Despite geopolitical tensions and the resultant volatility in energy markets, the global backdrop is supported by policy momentum and stable corporate fundamentals. A protracted conflict risks stagflation; however, economic and political incentives point to near-term de-escalation. In this environment, disciplined active management remains essential as we position portfolios to capitalize on selective opportunities across global credit, EM and structured sectors.
Key highlights:
- The Middle East conflict and resultant energy supply shock have spiked market volatility. Longer-term inflation expectations remain anchored for now, but rising near-term inflation expectations have tightened financial conditions via fears of central banks leaning hawkish.
- US growth remains resilient as the region is energy-independent while deregulation, tax refunds and policy support are also supportive.
- Europe and the UK confront potential labor-market headwinds and are highly exposed to volatile energy prices, but fiscal measures in Germany may help to stabilize the outlook.
- In Asia, China’s recovery remains policy-driven amid structural challenges, while in Japan, expansionary fiscal policy will likely lead to a steeper curve.
- Credit fundamentals across IG and HY remain strong, with issuance elevated by AI-related capex, M&A activity and refinancing needs.
- Securitized sectors—select parts of MBS, CLOs and CMBS—offer relative value despite pressure in consumer and CRE pockets.
- EM continues to benefit from positive fundamentals while relative value varies between the local, corporate and sovereign markets.
- Investor sentiment has stayed constructive, supported by strong fundamentals and appealing yields despite geopolitical and commodity-driven risks.
Overview
In this quarterly report, geopolitical tensions are the defining feature of the macro outlook with energy supply shocks expected to weigh on near-term growth and inflation. Before these pressures the global economic backdrop was gradually improving as fiscal support, easier finan-cial conditions and moderating inflation were helping to strengthen the 2026 outlook. We believe the drastic shift in central bank policy expectations is somewhat overdone and that longer-term growth and inflation targets are still attainable. In the US, policy tail-winds and deregulation will likely support activity despite signs of softer labor conditions. Europe and the UK are more vulnerable to volatile energy prices and face labor-market challenges but German fiscal expansion may offer some stabilization. China’s recovery remains policy-driven while Japan’s expansionary fiscal policy will likely lead to a steeper curve there. Credit markets remain supported by strong fundamentals and healthy de-mand, with issuance elevated by AI-related capex and M&A. Select parts of structured products and emerging markets (EM) also offer attractive relative value. Despite cross-currents from geopolitics and commodities, investor sentiment remains constructive.
WHAT ARE THE RISKS?
All investments involve risks, including possible loss of principal. Past performance is no guarantee of future results. Please note that an investor cannot invest directly in an index. Unmanaged index returns do not reflect any fees, expenses or sales charges.

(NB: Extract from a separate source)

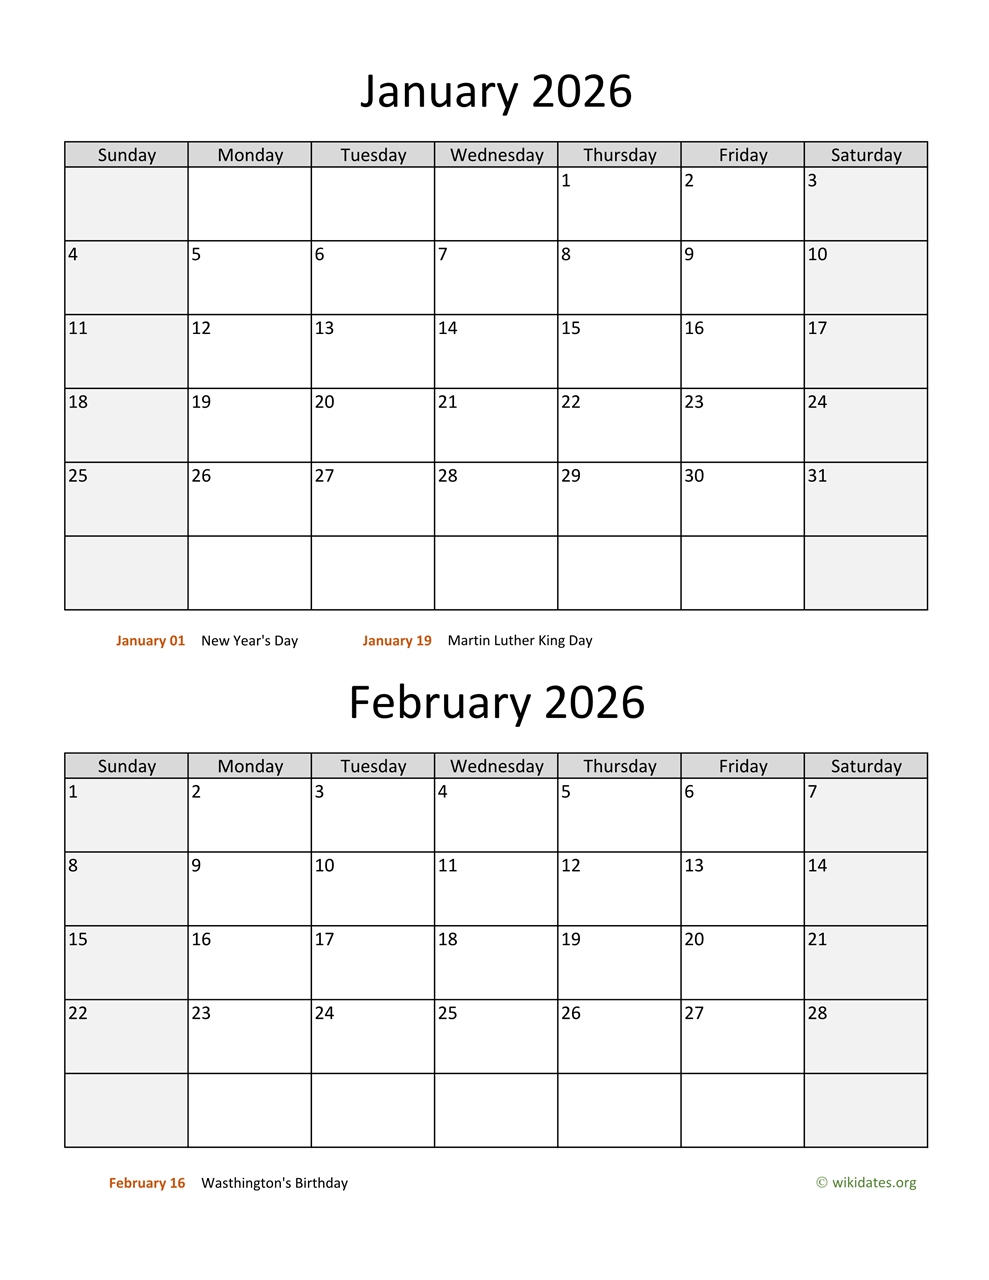 January and February 2026 Calendar WikiDates org

Fixed-income securities involve interest rate, credit, inflation and reinvestment risks and possible loss of principal. As interest rates rise, the value of fixed income securities falls. Low-rated, high-yield bonds are subject to greater price volatility, illiquidity and possibility of default.
Municipal income may be subject to state and local taxes. Some income may be subject to the federal alternative minimum tax for certain investors. Capital gains, if any, are taxable.
Changes in the credit rating of a bond, or in the credit rating or financial strength of a bond’s issuer, insurer or guarantor, may affect the bond’s value.
Floating-rate loans and debt securities are typically rated below investment grade and are subject to greater risk of default, which could result in loss of principal. Inflation-linked securities are subject to liquidity risk, prepayment risk, extension risk and deflation risk.
US Treasuries are direct debt obligations issued and backed by the “full faith and credit” of the US government. The US government guarantees the principal and interest payments on US Treasuries when the securities are held to maturity. Unlike US Treasuries, debt securities issued by the federal agencies and instrumentalities and related investments may or may not be backed by the full faith and credit of the US government. Even when the US government guarantees principal and interest payments on securities, this guarantee does not apply to losses resulting from declines in the market value of these securities.
International investments are subject to special risks, including currency fluctuations and social, economic and political uncertainties, which could increase volatility. These risks are magnified in emerging markets. Investments in companies in a specific country or region may experience greater volatility than those that are more broadly diversified geographically. The government’s participation in the economy is still high and, therefore, investments in China will be subject to larger regulatory risk levels compared to many other countries. There are special risks associated with investments in China, Hong Kong and Taiwan, including less liquidity, expropriation, confiscatory taxation, international trade tensions, nationalization, and exchange control regulations and rapid inflation, all of which can negatively impact the fund. Investments in Taiwan could be adversely affected by its political and economic relationship with China.